■ **WORK TO BE COMPLETED**
The task requires repeating, word for word, the lines from the one with "MEDAL OF HONOR: ORIGINAL" through the end of the material, leaving out all pictures.

■ **DATASET SECTION**
***
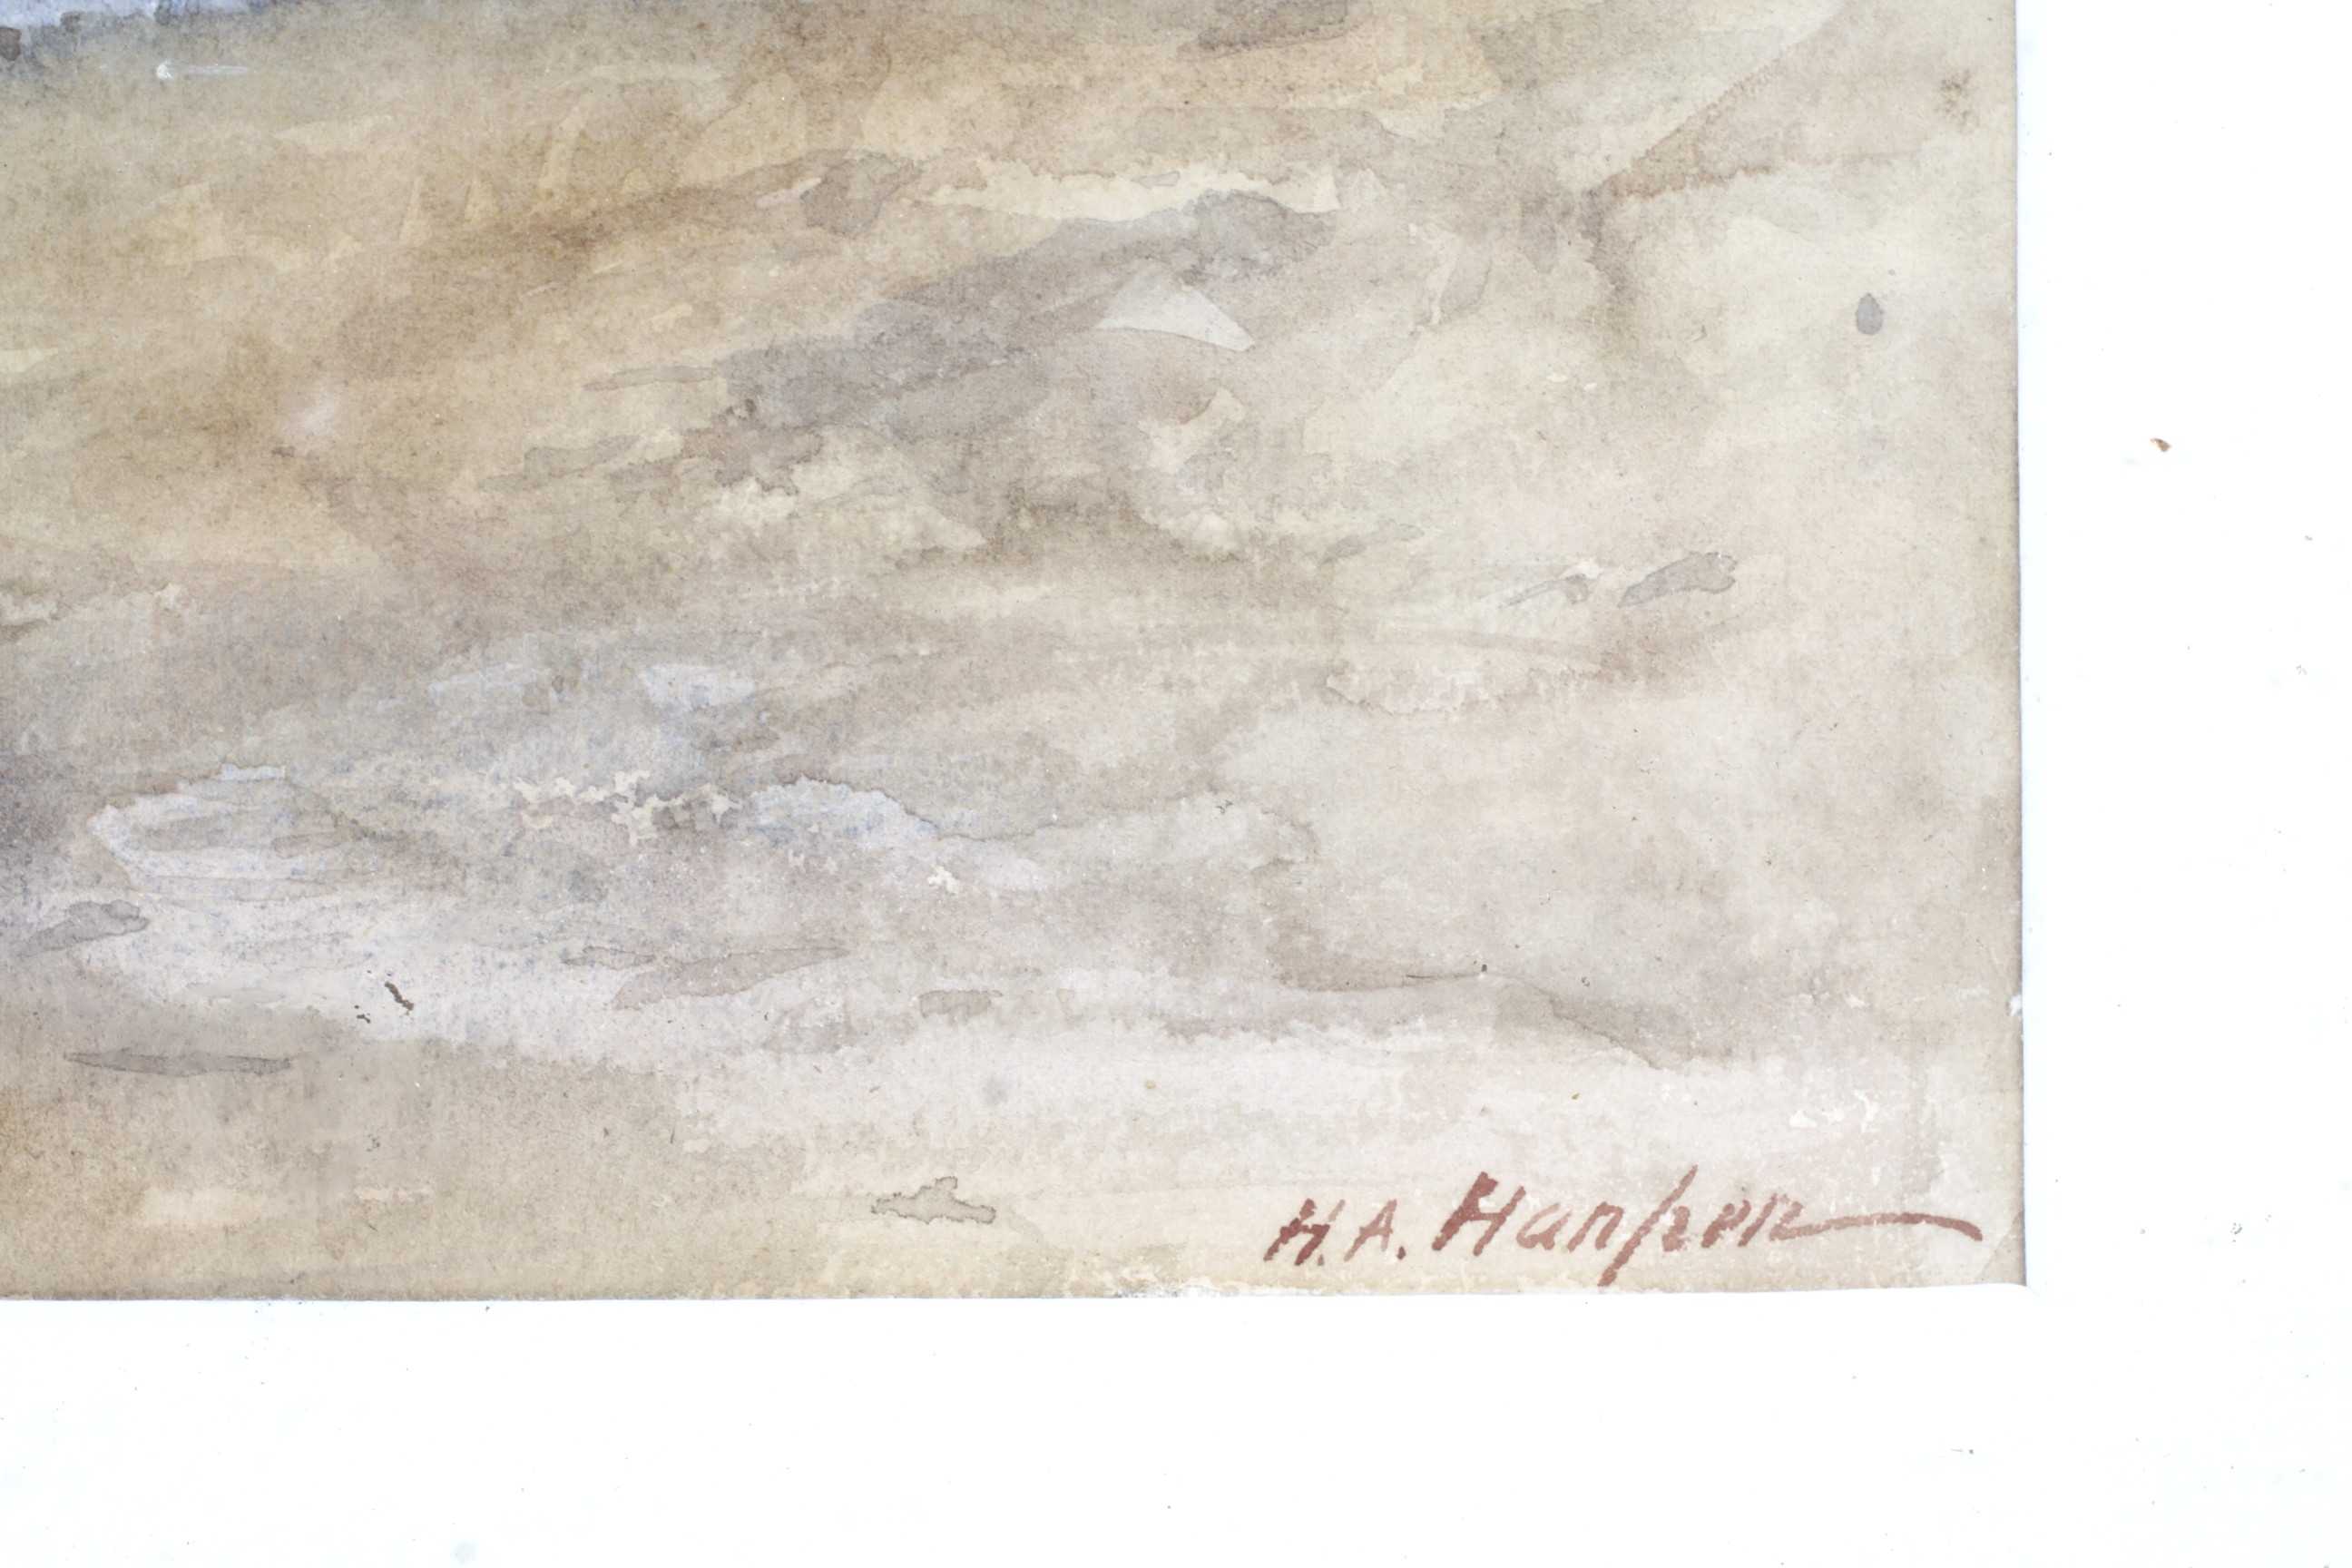 Henry Andrew Harper (1835-1900), watercolour, The Highlands to the Scottish Mountain range. - Image 2 of 3
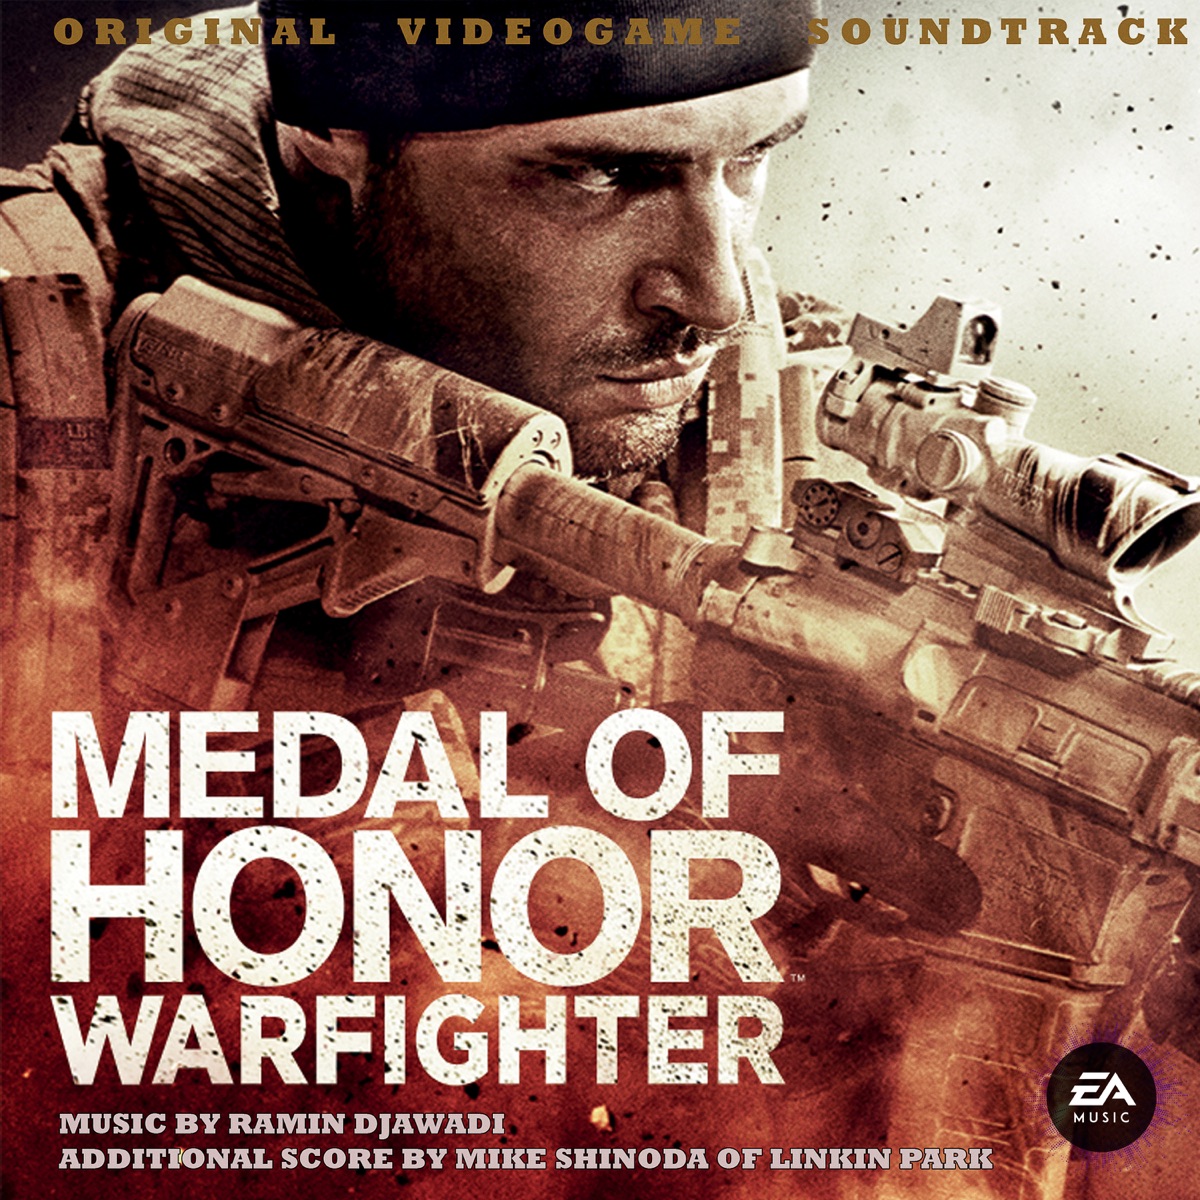 MEDAL OF HONOR: ORIGINAL SCORE FROM THE DOCUMENTARY SERIES - Music
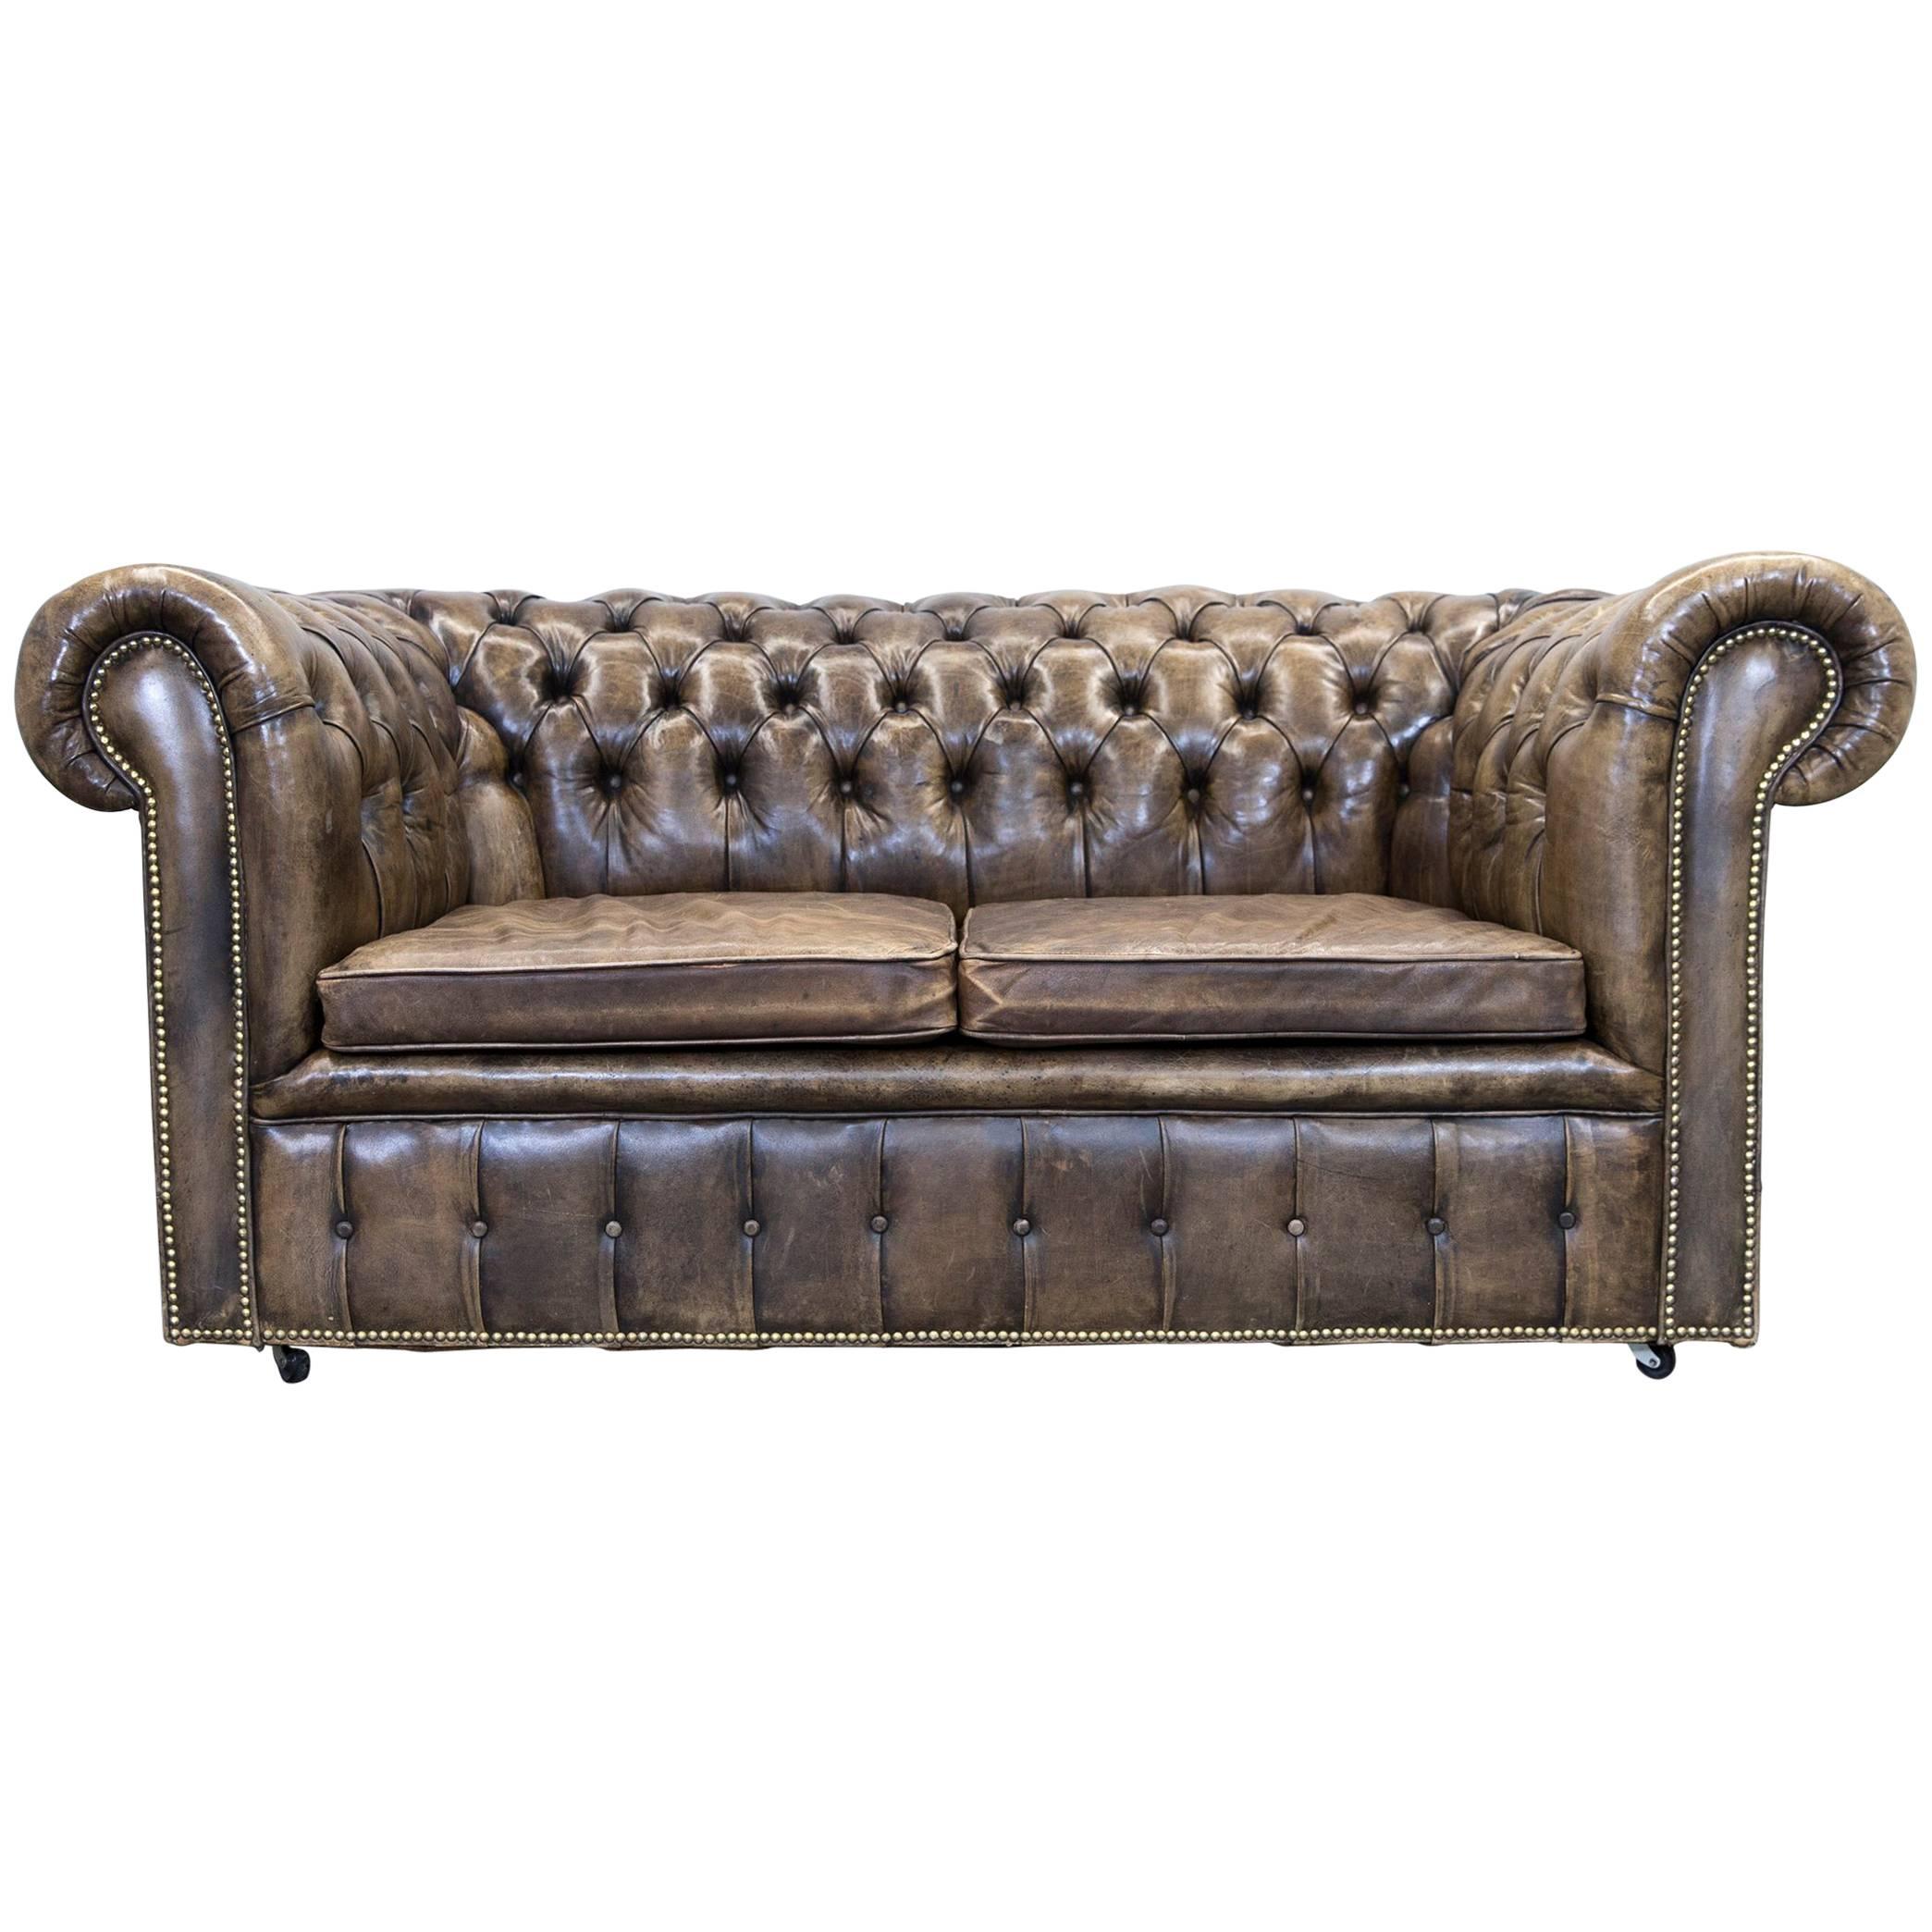 Chesterfield Leather Sofa Brown Two-Seat Couch Vintage Retro
***
■ **RESPONSE TO THE EXERCISE**
 MEDAL OF HONOR: ORIGINAL SCORE FROM THE DOCUMENTARY SERIES - Music
 Chesterfield Leather Sofa Brown Two-Seat Couch Vintage Retro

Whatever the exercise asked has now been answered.